**WORK REQUIRED:**
An exact copy of all the data is needed, with every picture left out.

**SUPPLIED INFORMATION:**
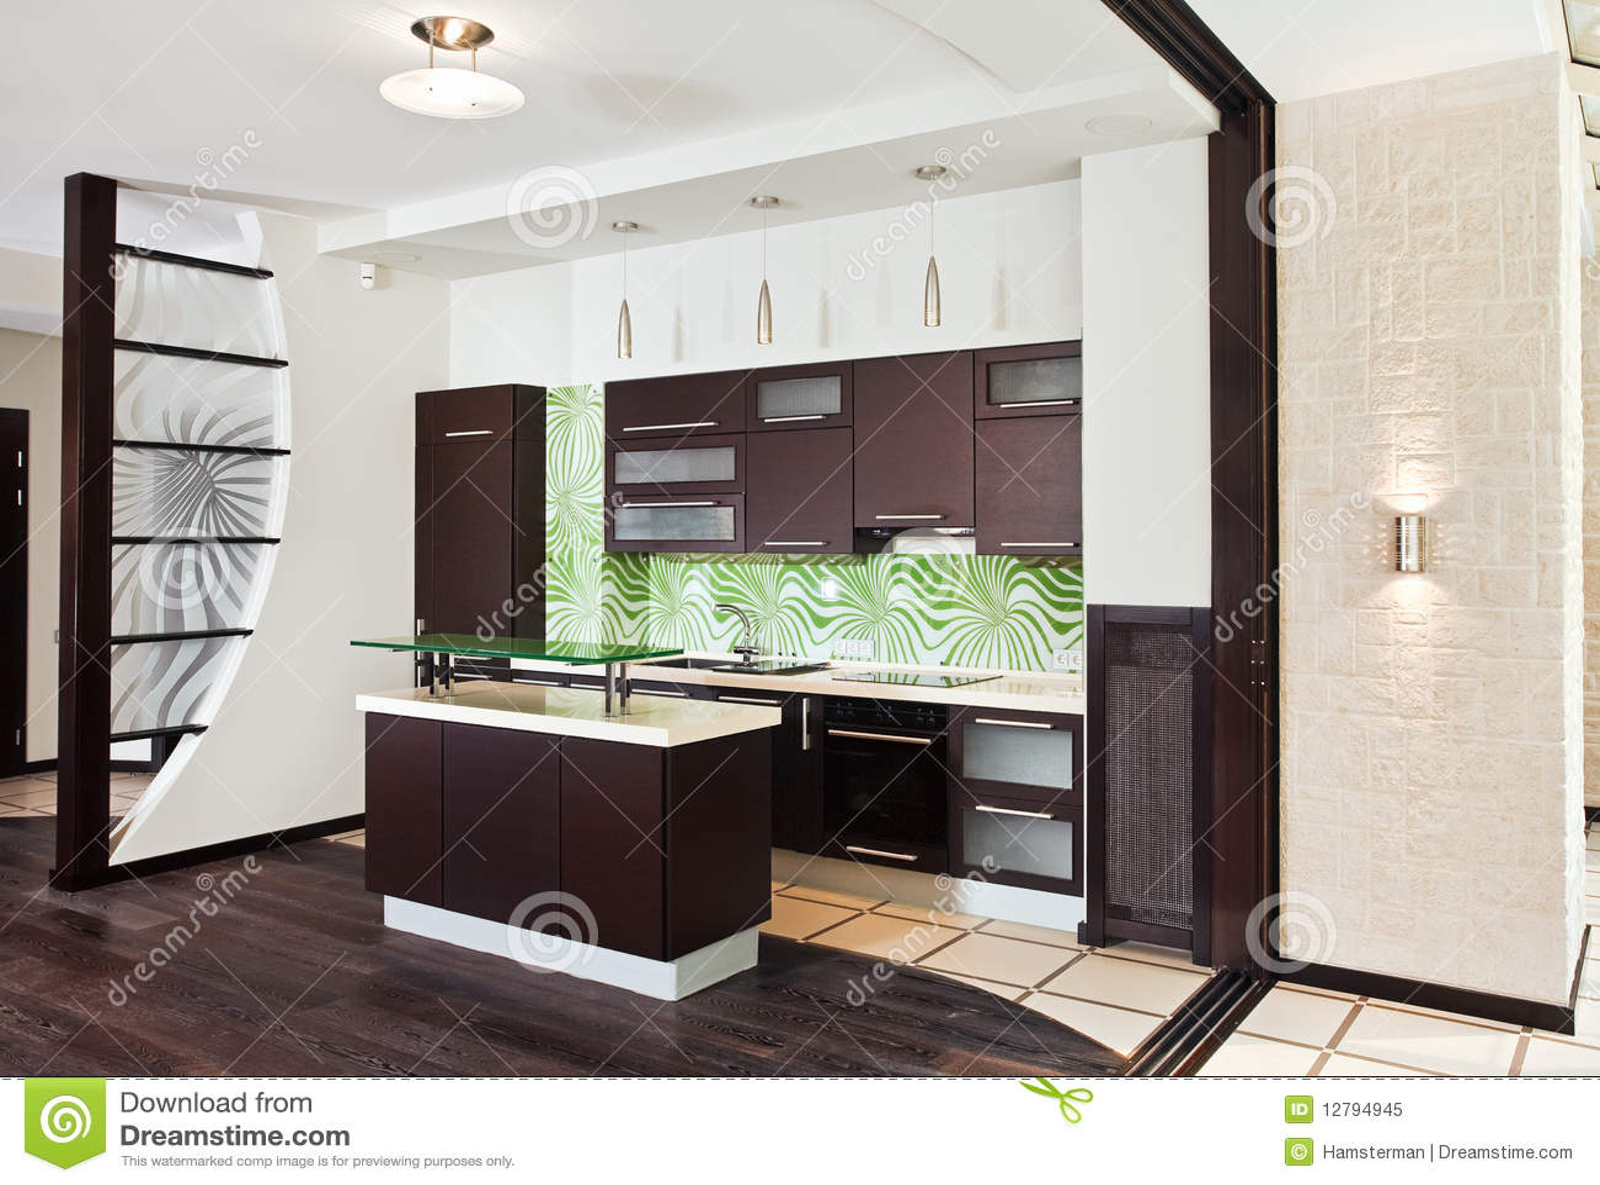 Pavimenti cucine moderne cucina moderna settembre - Pavimenti cucina moderna ...
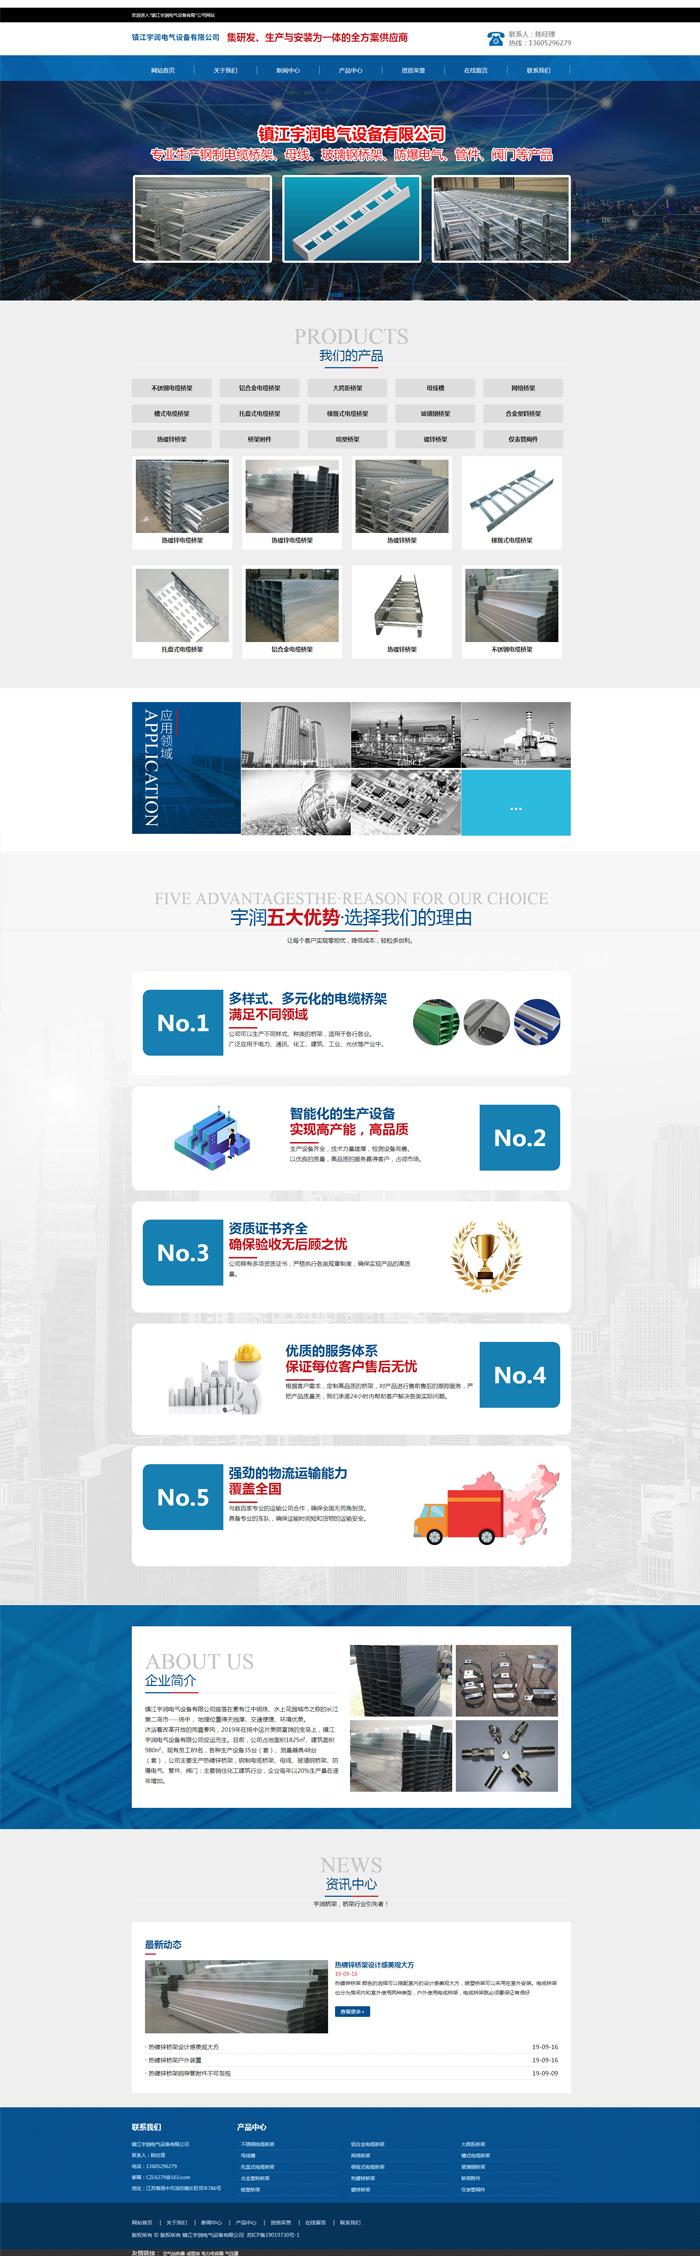 镇江宇润电气设备有限公司
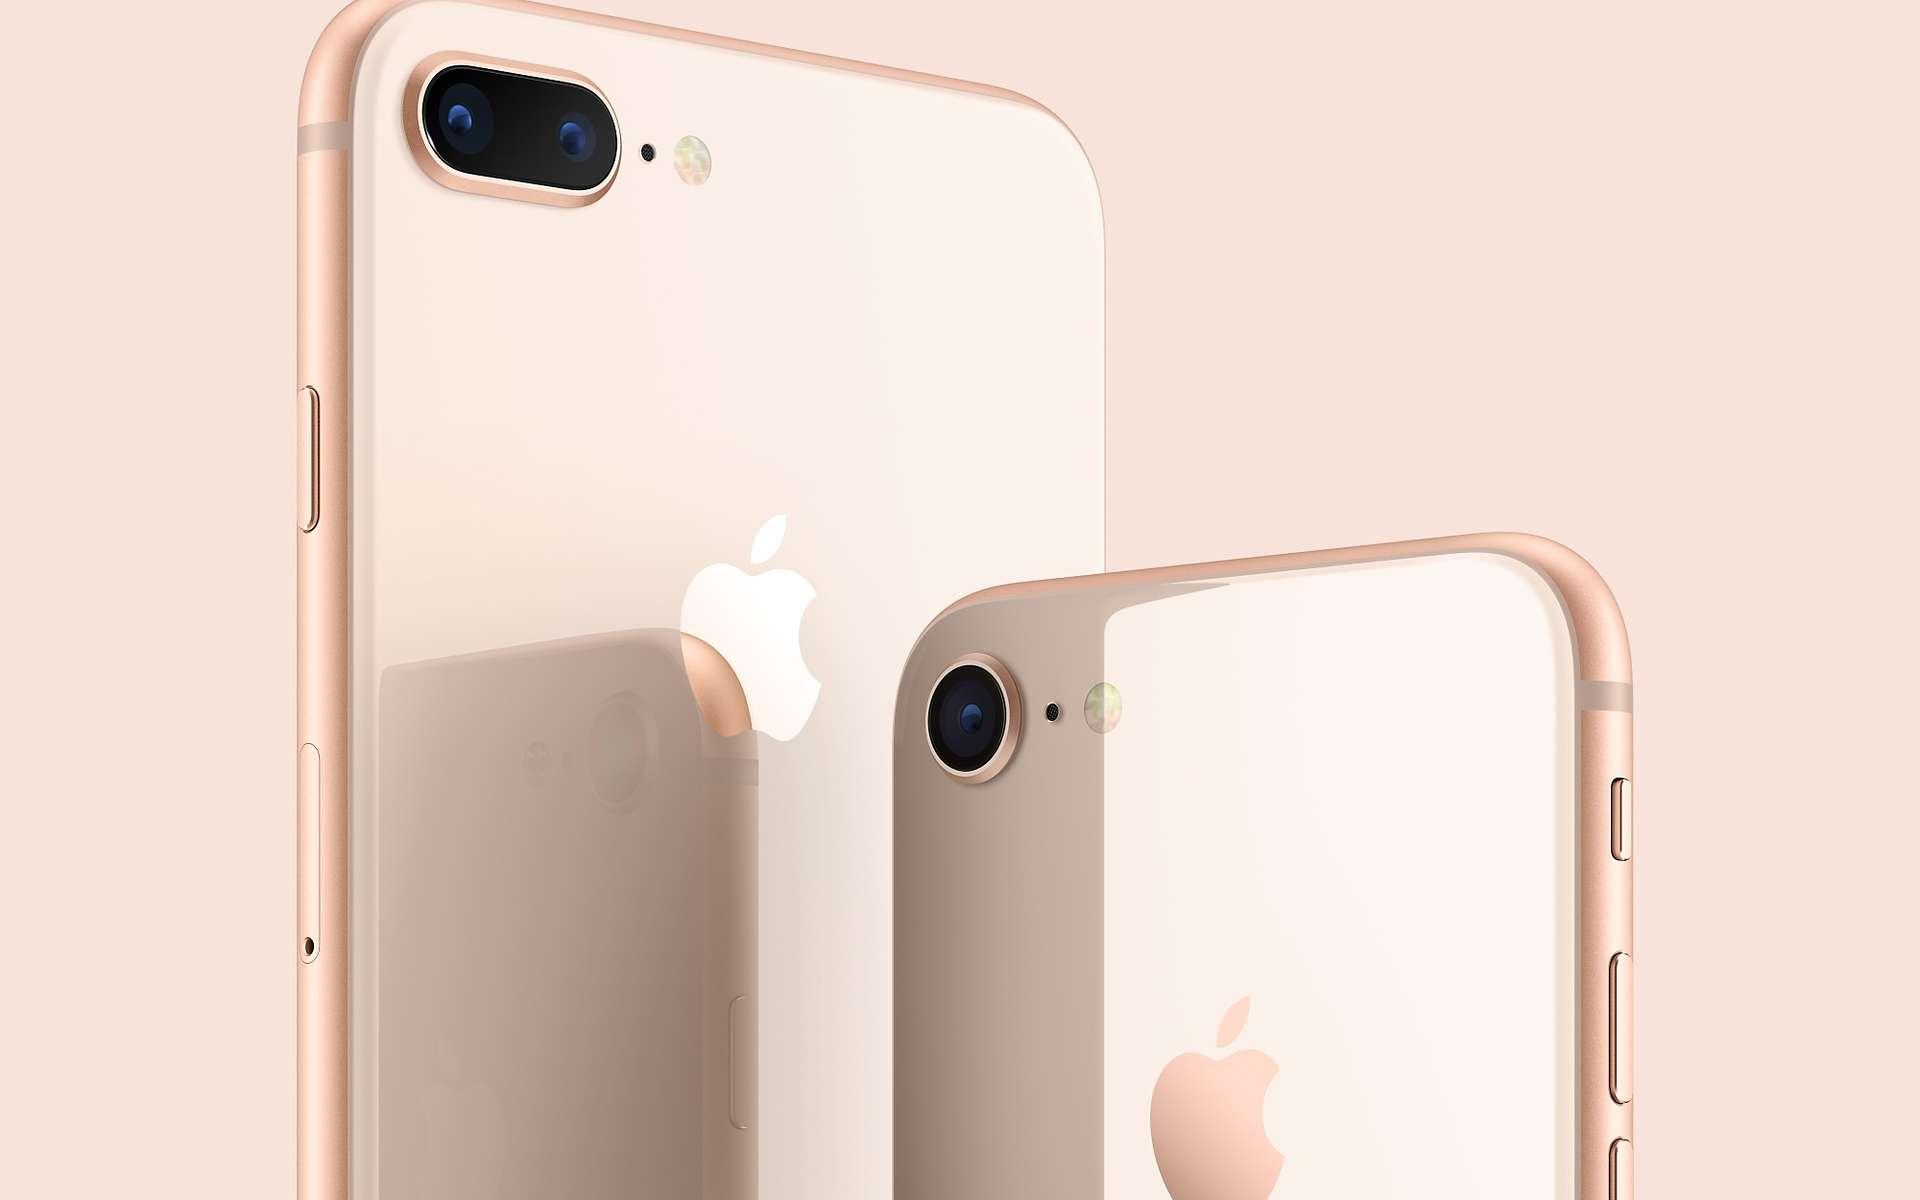 L'iPhone 8 Plus d'Apple est disponible depuis une semaine environ. Trois cas de batteries déformées ont été signalés en Asie. © Apple

**OUTPUT OF THE TASK:**
 Pavimenti cucine moderne cucina moderna settembre - Pavimenti cucina moderna ...
 镇江宇润电气设备有限公司
 L'iPhone 8 Plus d'Apple est disponible depuis une semaine environ. Trois cas de batteries déformées ont été signalés en Asie. © Apple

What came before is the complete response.